* [ACTIVITY] All entries need to be written out verbatim, with pictures omitted.

[MATERIALS PROVIDED Boundary: Start]

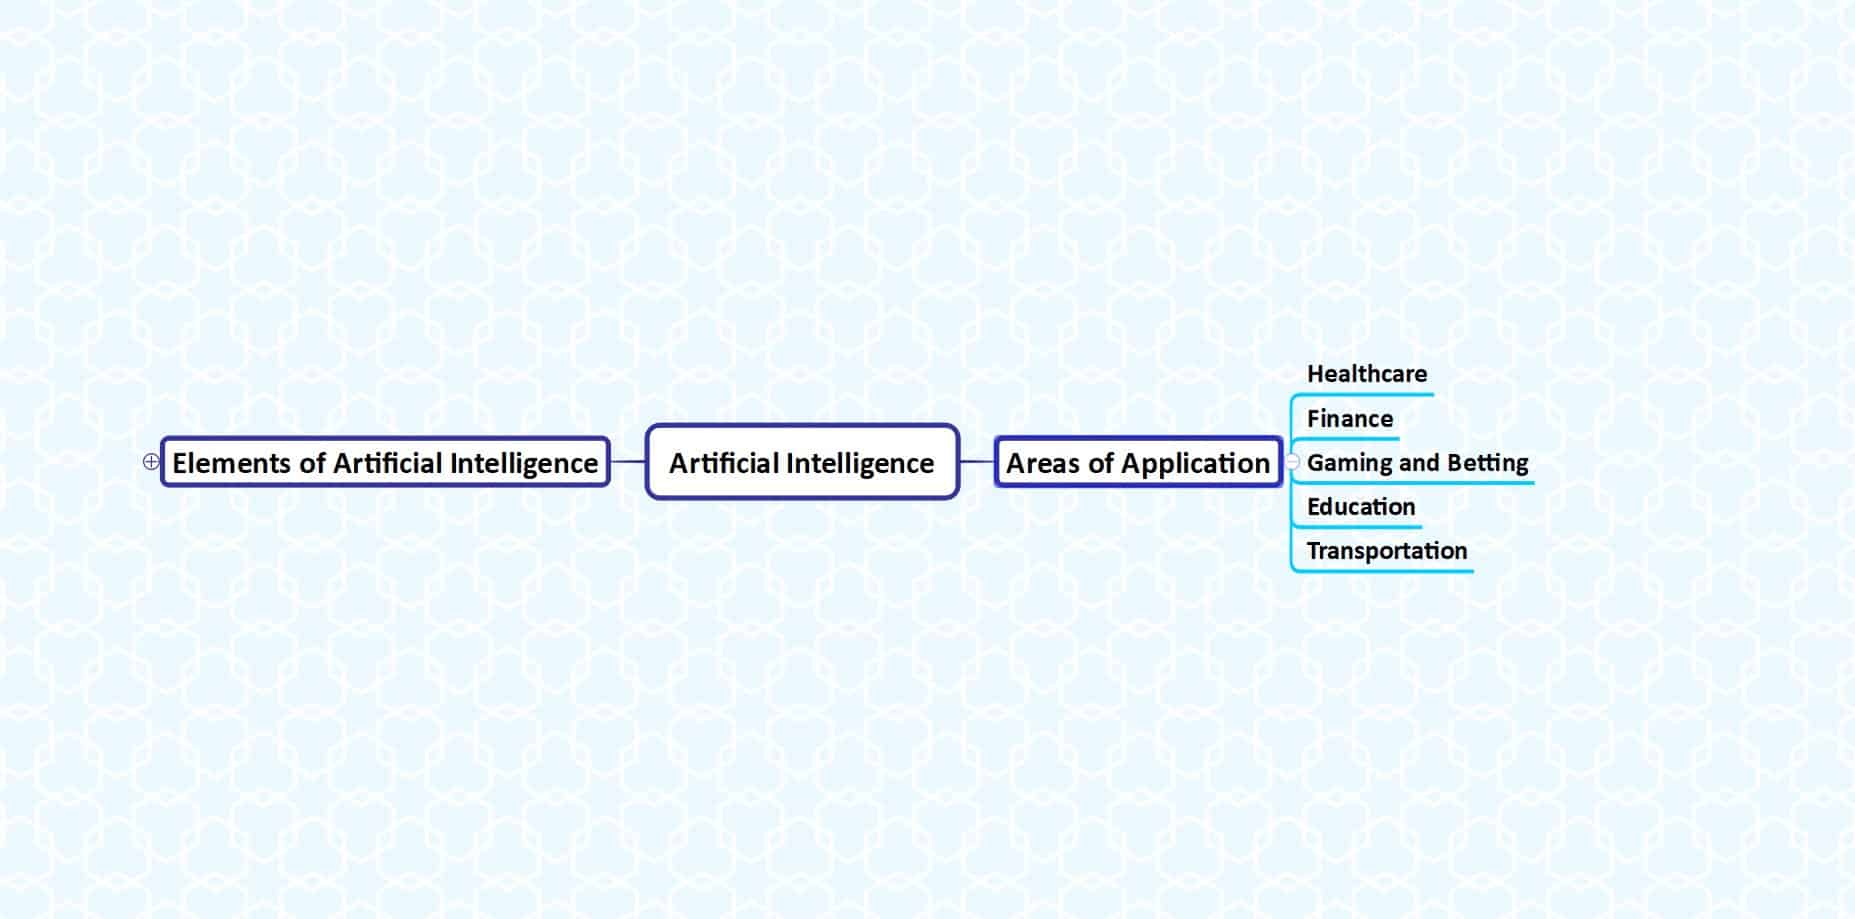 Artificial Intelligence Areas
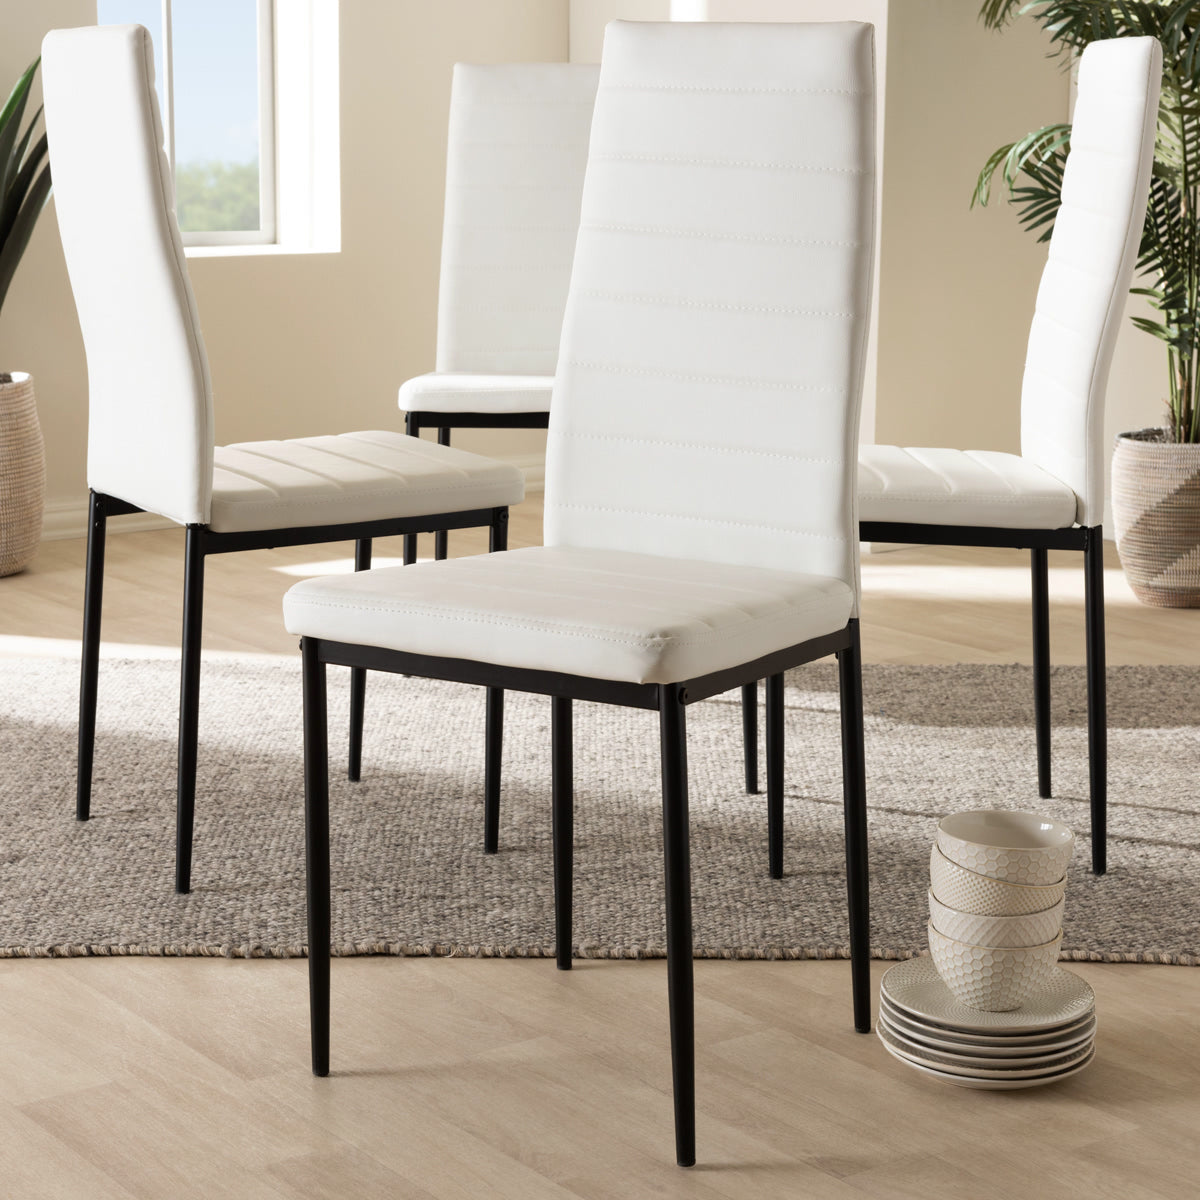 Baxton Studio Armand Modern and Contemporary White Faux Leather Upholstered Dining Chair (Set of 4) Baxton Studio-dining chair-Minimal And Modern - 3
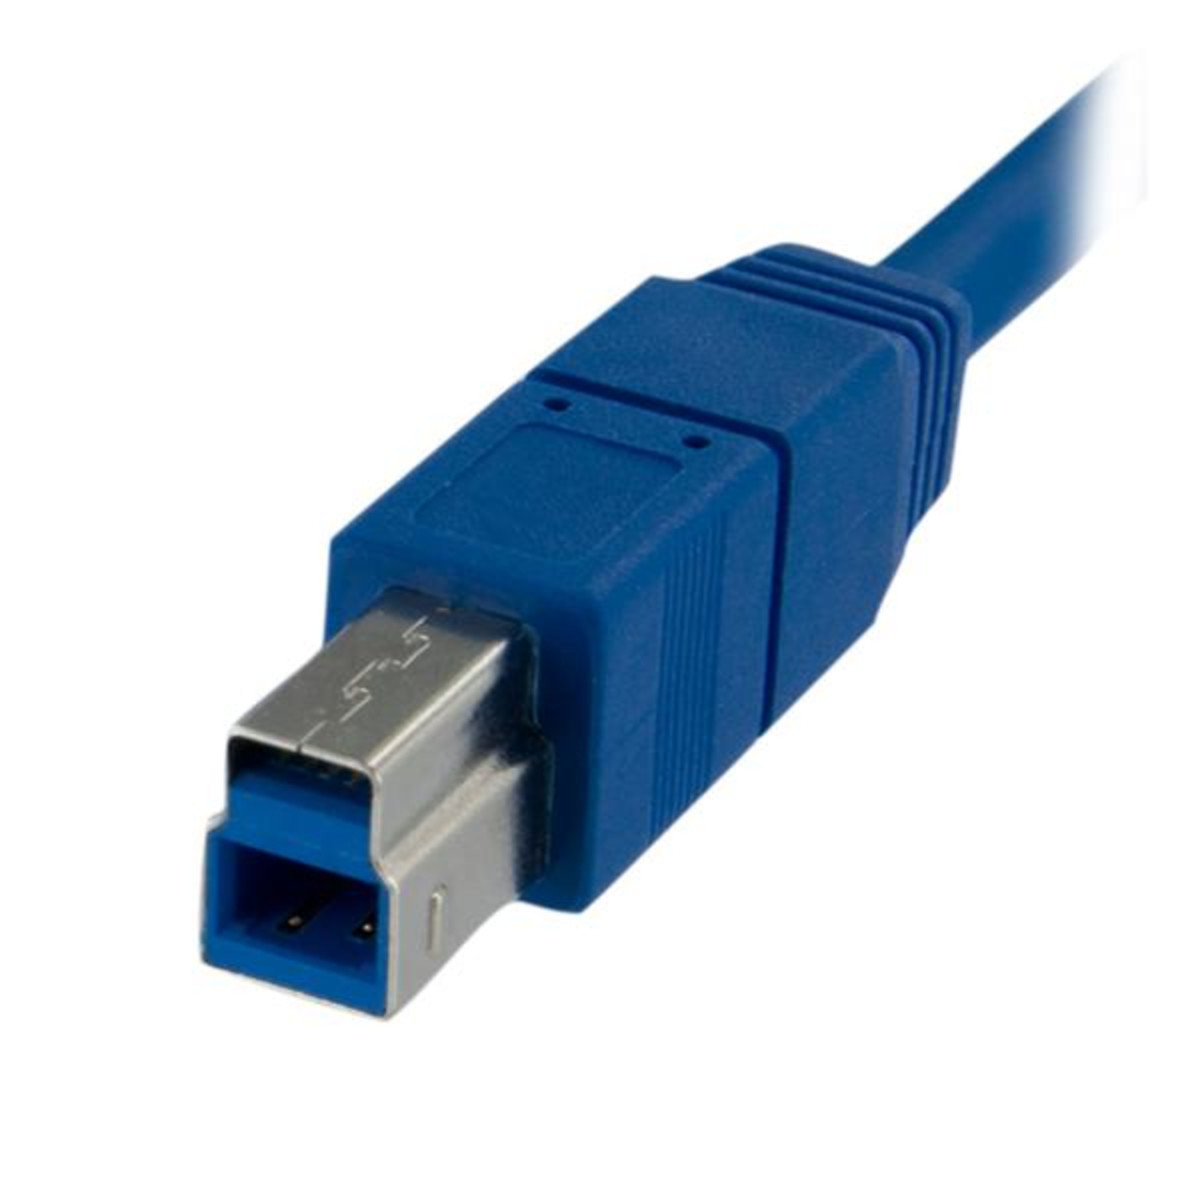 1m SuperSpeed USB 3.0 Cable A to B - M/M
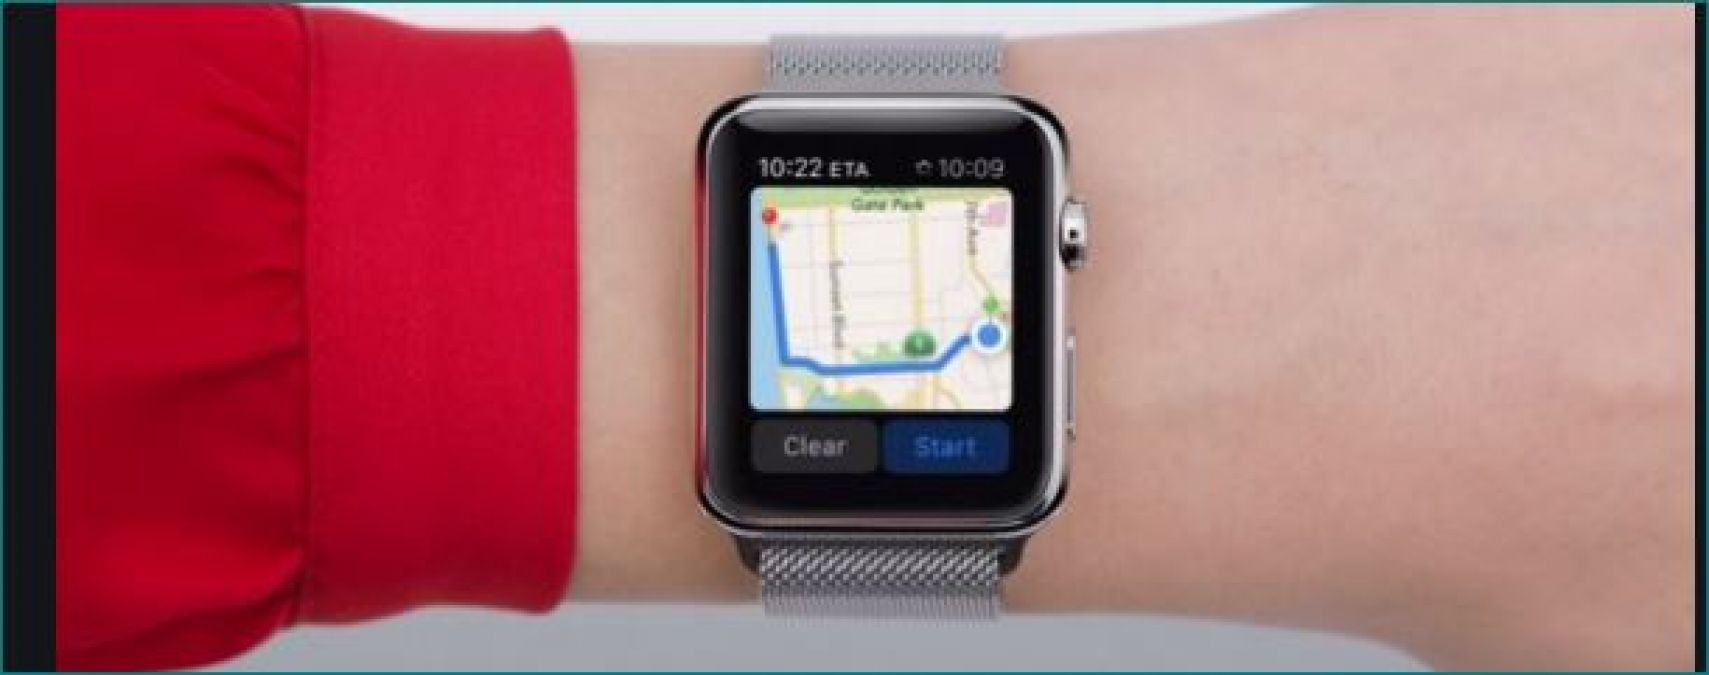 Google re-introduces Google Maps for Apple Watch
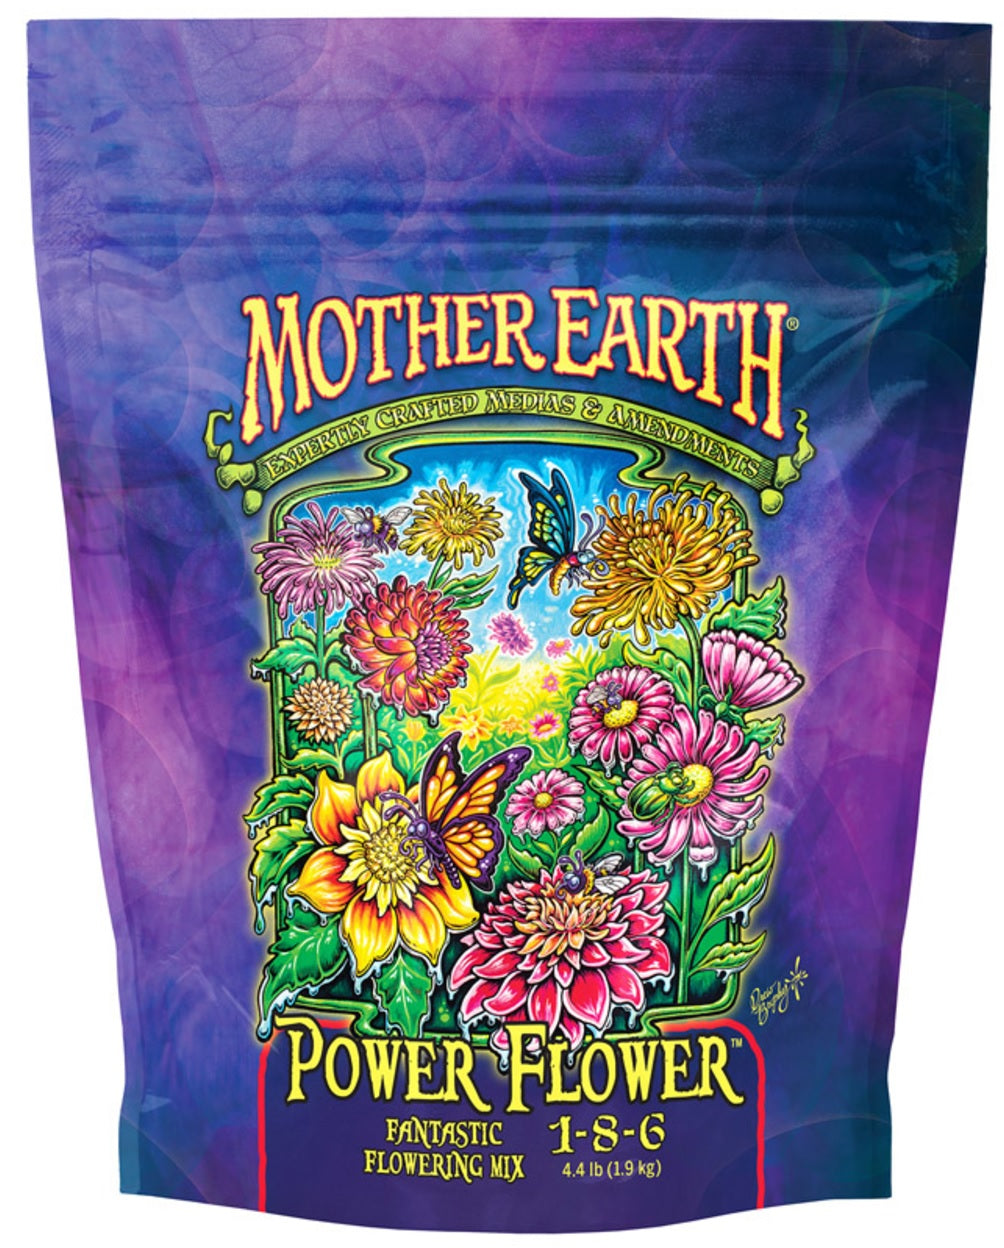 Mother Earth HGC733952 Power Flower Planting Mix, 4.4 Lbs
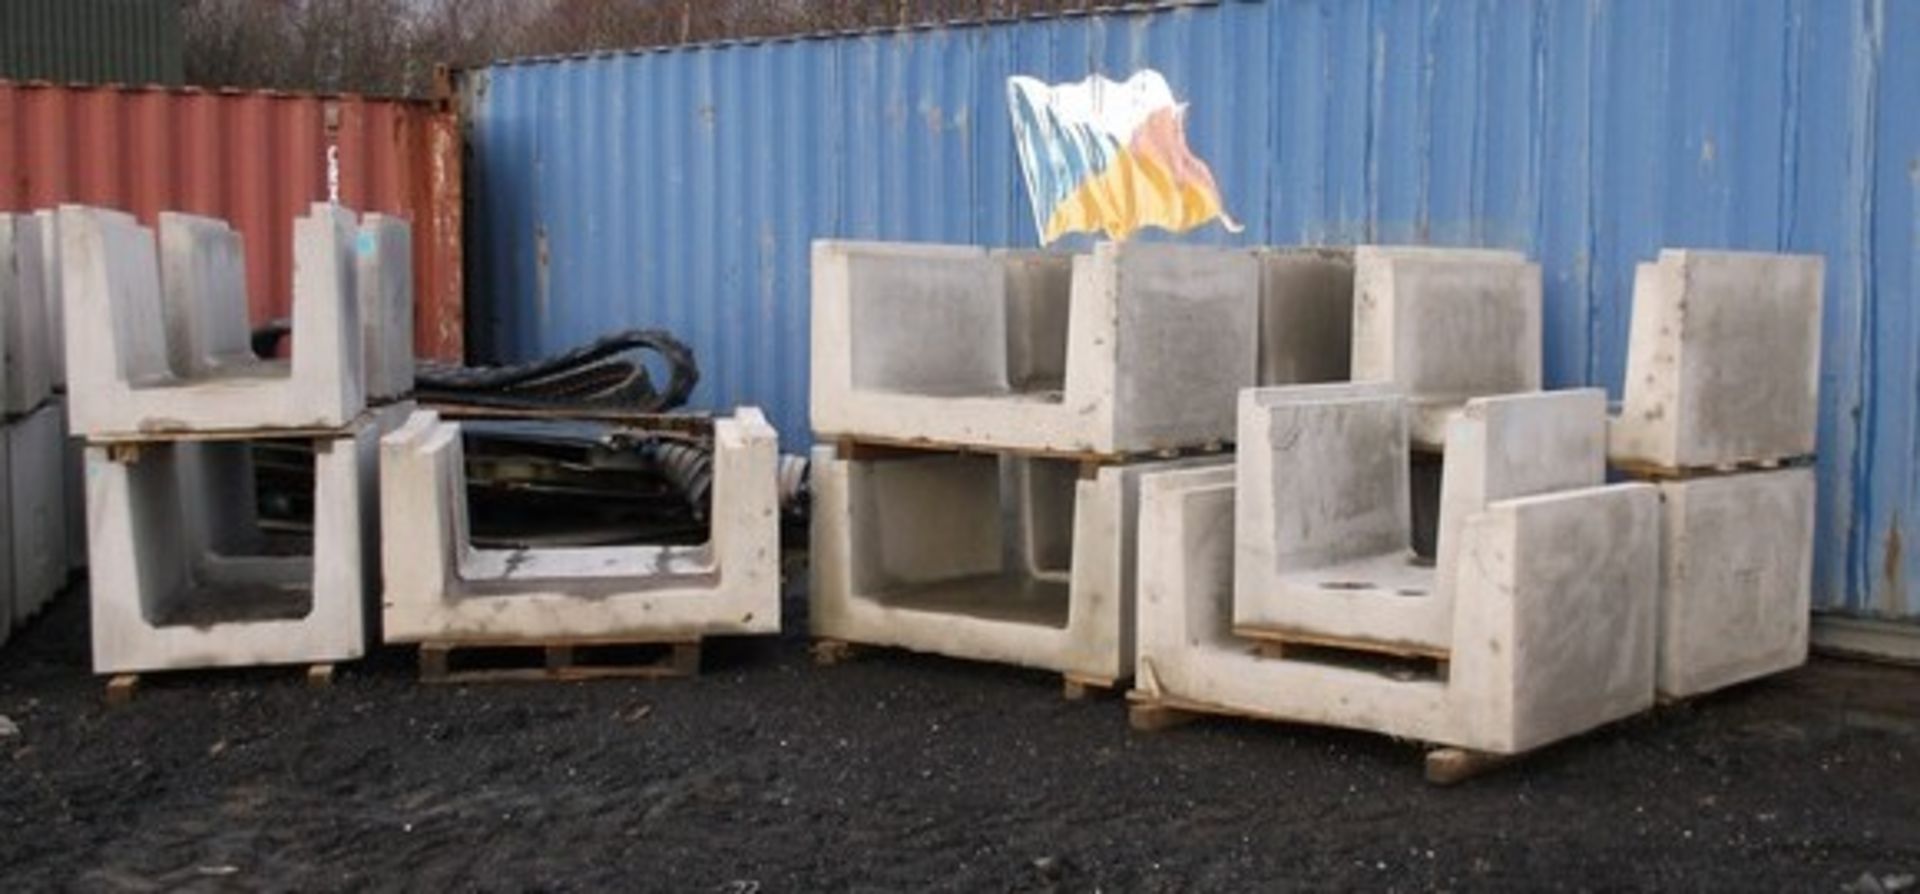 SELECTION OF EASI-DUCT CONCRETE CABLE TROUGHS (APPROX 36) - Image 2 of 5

[MATERIALS PROVIDED Boundary: End]

* [EXPECTED OUTPUT]
 Artificial Intelligence Areas
 Baxton Studio Armand Modern and Contemporary White Faux Leather Upholstered Dining Chair (Set of 4) Baxton Studio-dining chair-Minimal And Modern - 3
 1m SuperSpeed USB 3.0 Cable A to B - M/M
 Google re-introduces Google Maps for Apple Watch
 Mother Earth HGC733952 Power Flower Planting Mix, 4.4 Lbs
 SELECTION OF EASI-DUCT CONCRETE CABLE TROUGHS (APPROX 36) - Image 2 of 5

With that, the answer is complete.